By choosing $a = 2$, $c = 2$, the author demonstrates that the equation can be satisfied when $a \neq 0$ since

$$(a + c)(a - c) = (2 + 2)(2 - 2) = 4 \cdot 0 = 0$$

Hence, $a = 2$, $c = 2$, is a counterexample to the claim that $a = 0$ must be true. There are others.
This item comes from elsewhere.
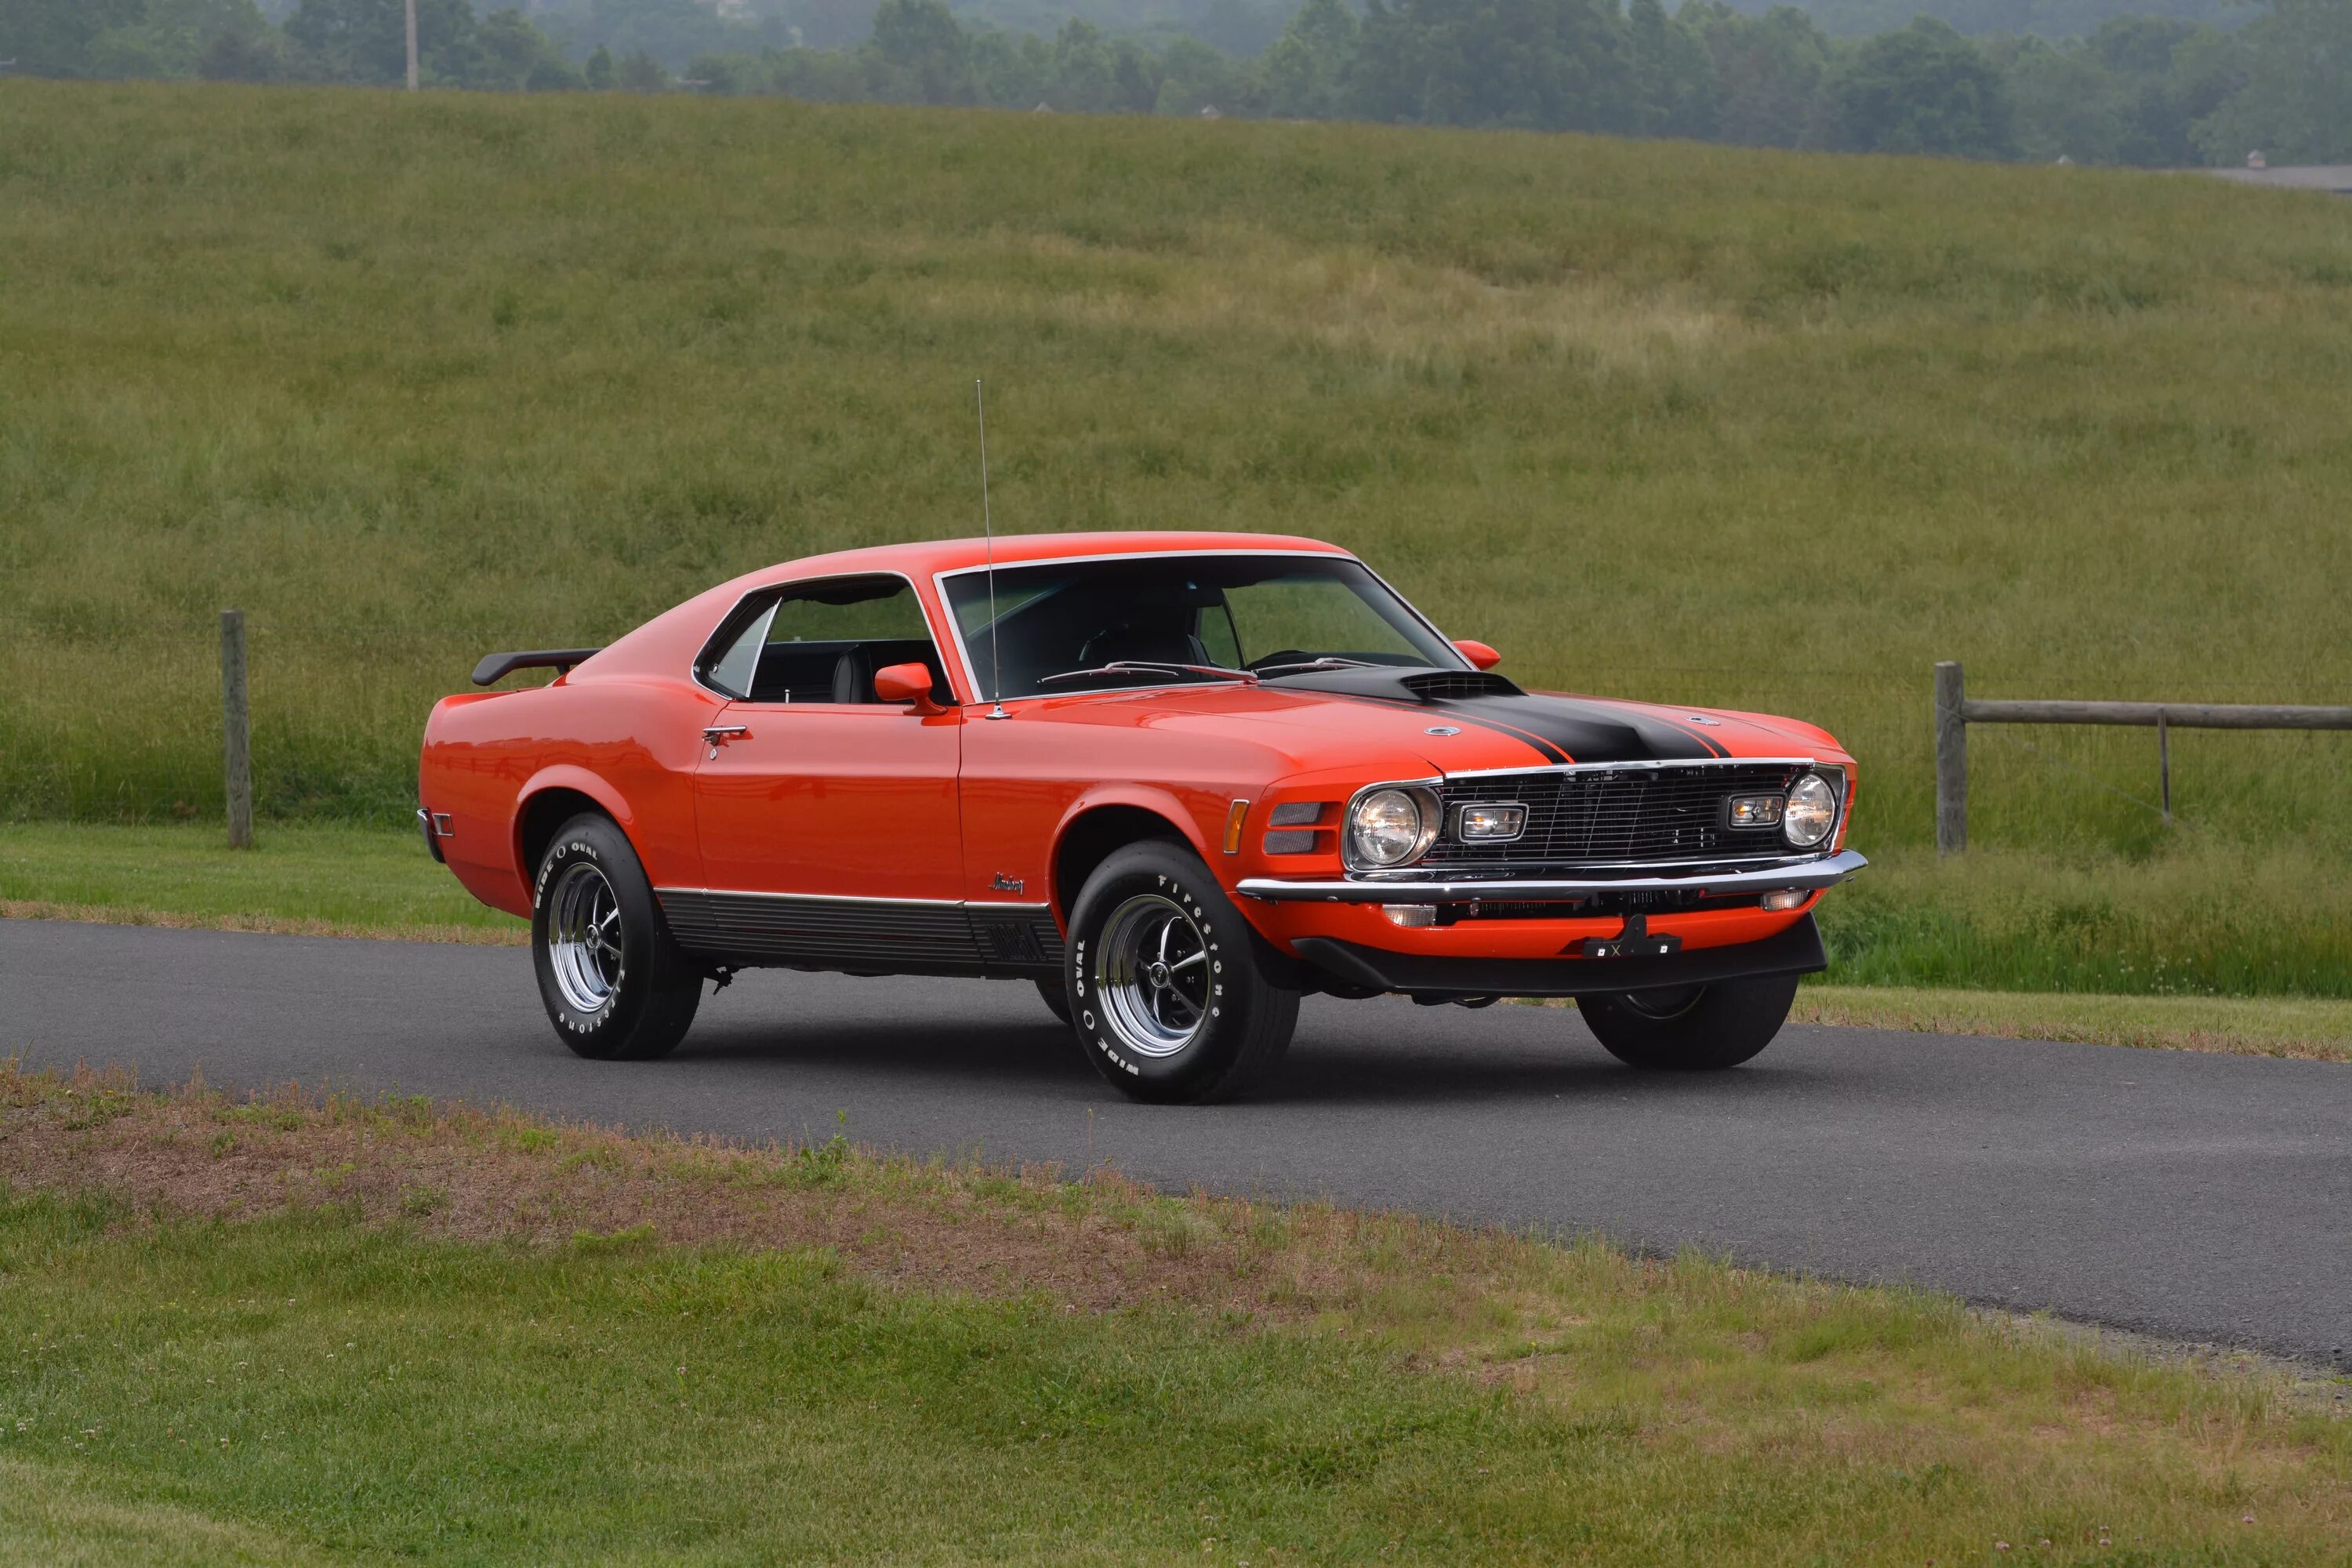 Ford Mustang Mach 1 1970. Ford Mustang Mach 1 Fastback. Ford Mustang Mach 1 Fastback 1970. Ford Mustang 1970 Fastback. Первые мустанги

For instance, $a = 1$, $c = 1$ or $a = 1$, $c= -1$. However, only one counterexample is required to demonstrate that a statement is false.

What the author is stating is that $a = 2$, $c = 2$ is also a counterexample to the claim that $b = 0$ must be true or that $a = -c$ must be true for the equation $(a + c)(a - c) = 0$ to be satisfied.

Similarly, if $a = 2$ and $c = -2$, then

$$(a + c)(a - c) = [2 + (-2)][2 - (-2)] = 0 \cdot 4 = 0$$

so $a = 2$, $c = -2$ is a counterexample to the claim that $a = c$ must be true for the equation $(a + c)(a - c) = 0$ to be satisfied. Again, there are other counterexamples such as $a = 1$, $c = -1$.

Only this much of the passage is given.